▶ [WORK TO COMPLETE]:
Exactly as they appear, retype the lines from the one containing "Black Rose Leopard" through the final line of the data below. Leave pictures out.

▶ [INFORMATION PROVIDED]:
————
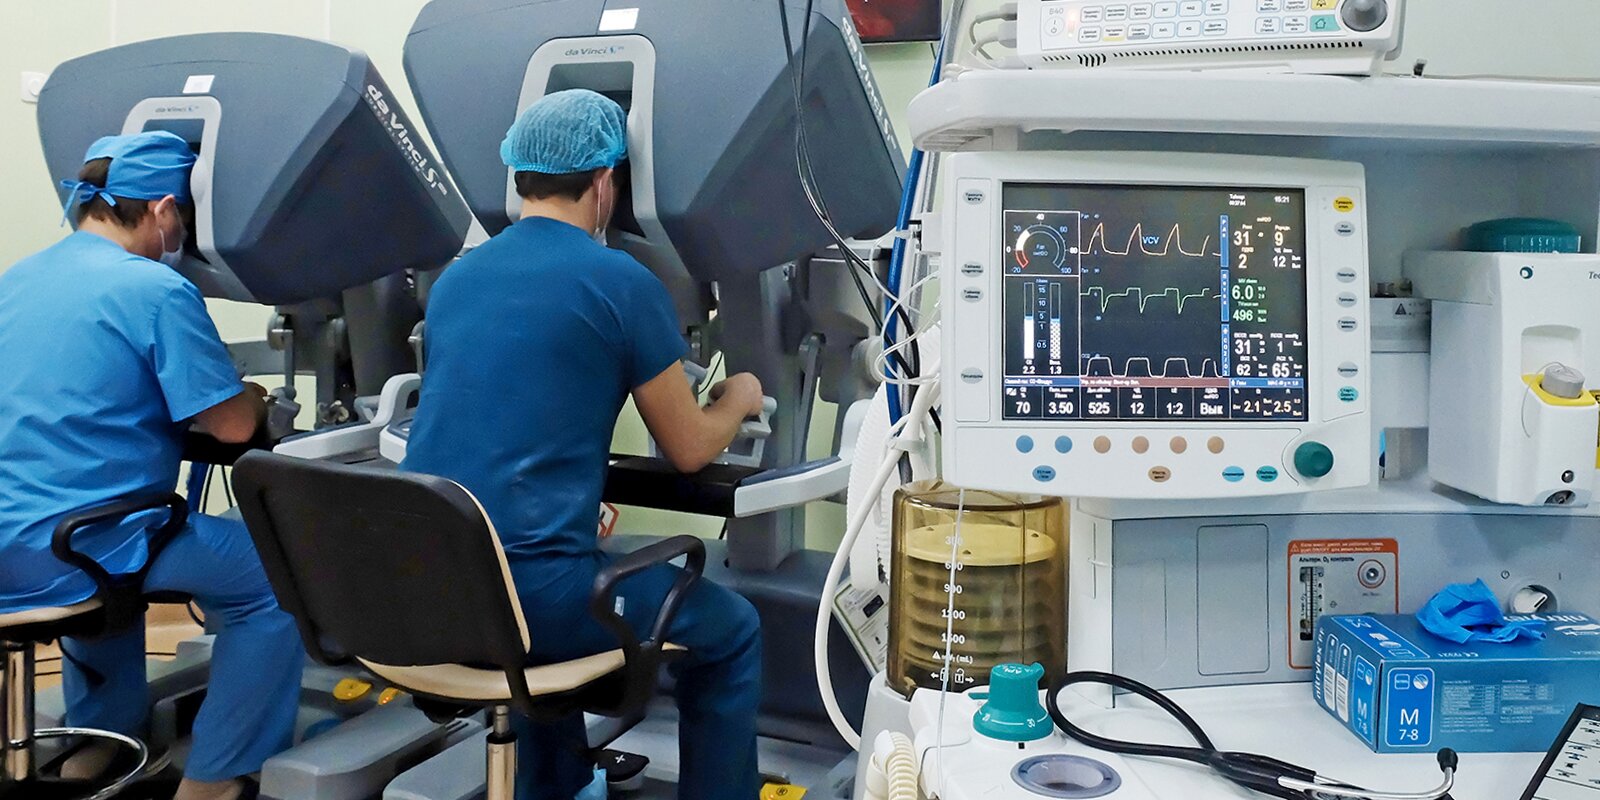 В Боткинской больнице начал работу робот-хирург
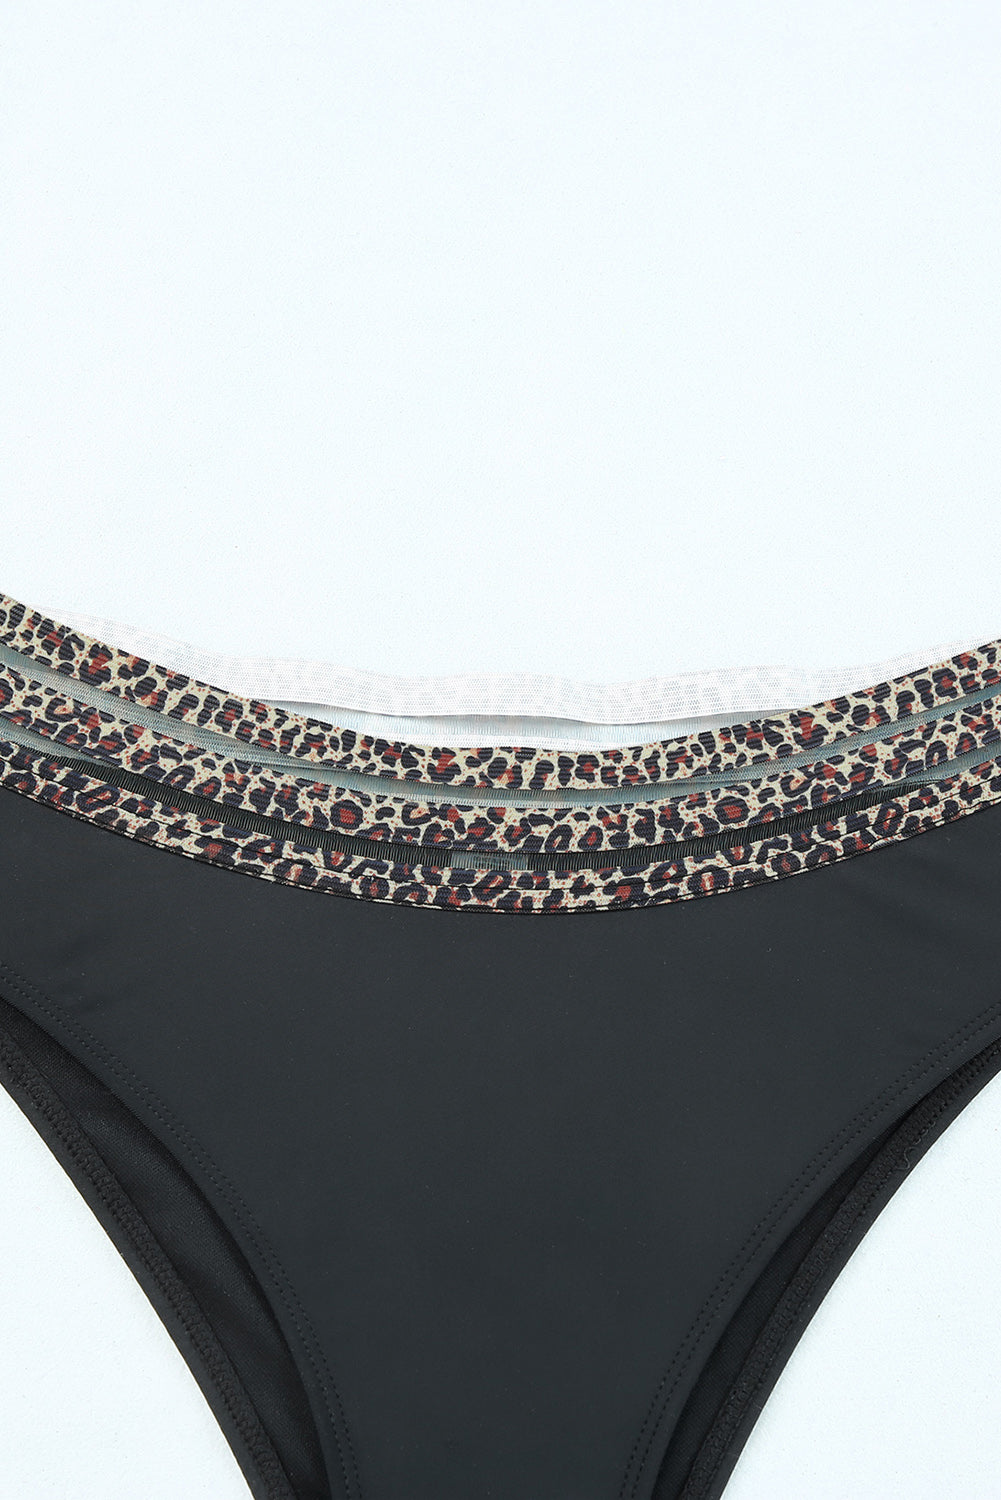 Black Rose Leopard Mesh Trim 2pcs Bikini Swimsuit
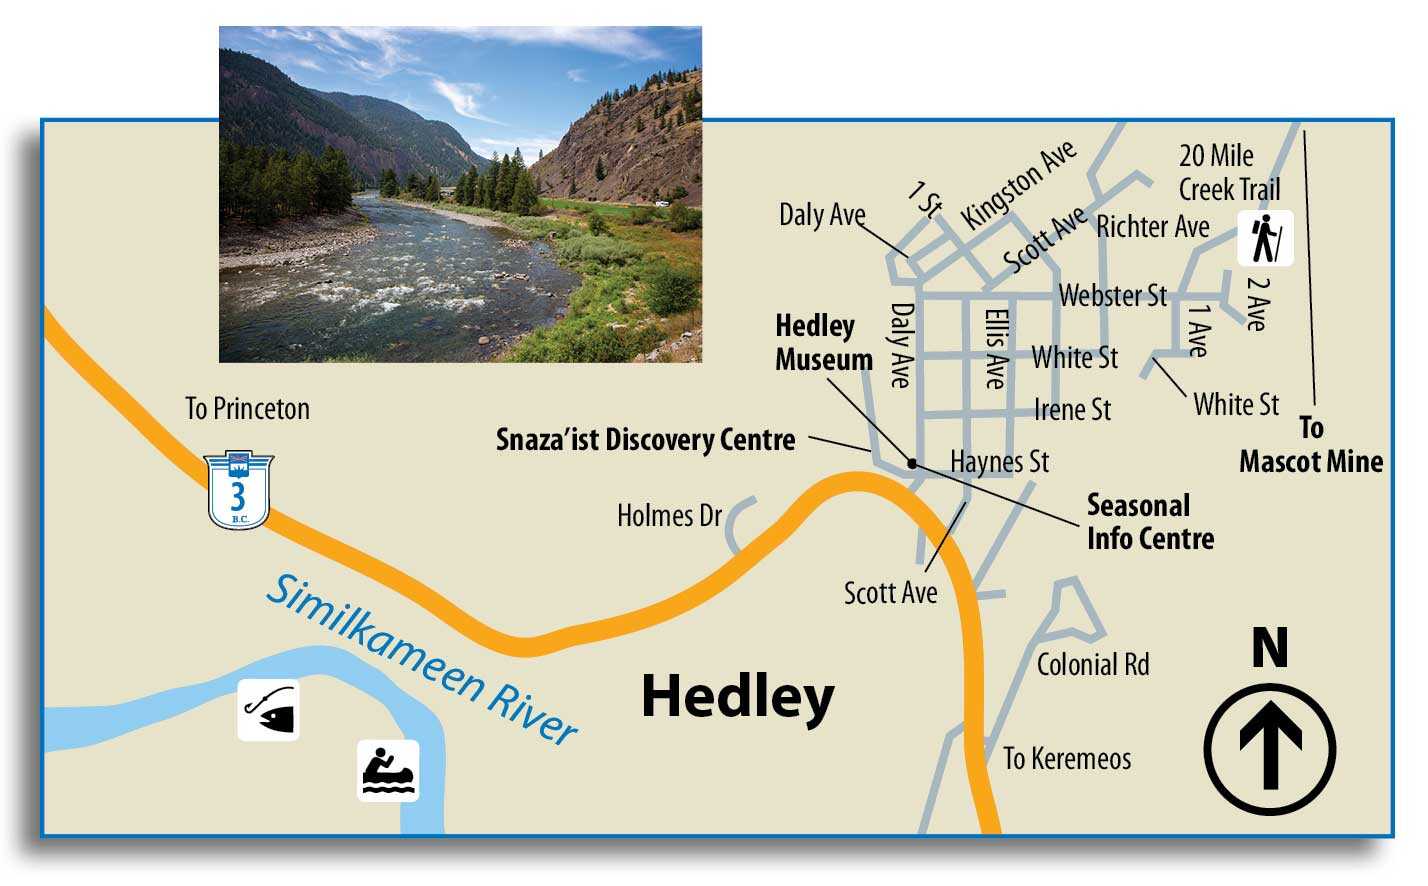 Hedley map
————
▶ [EXPECTED ANSWER]:
 Black Rose Leopard Mesh Trim 2pcs Bikini Swimsuit
 Hedley map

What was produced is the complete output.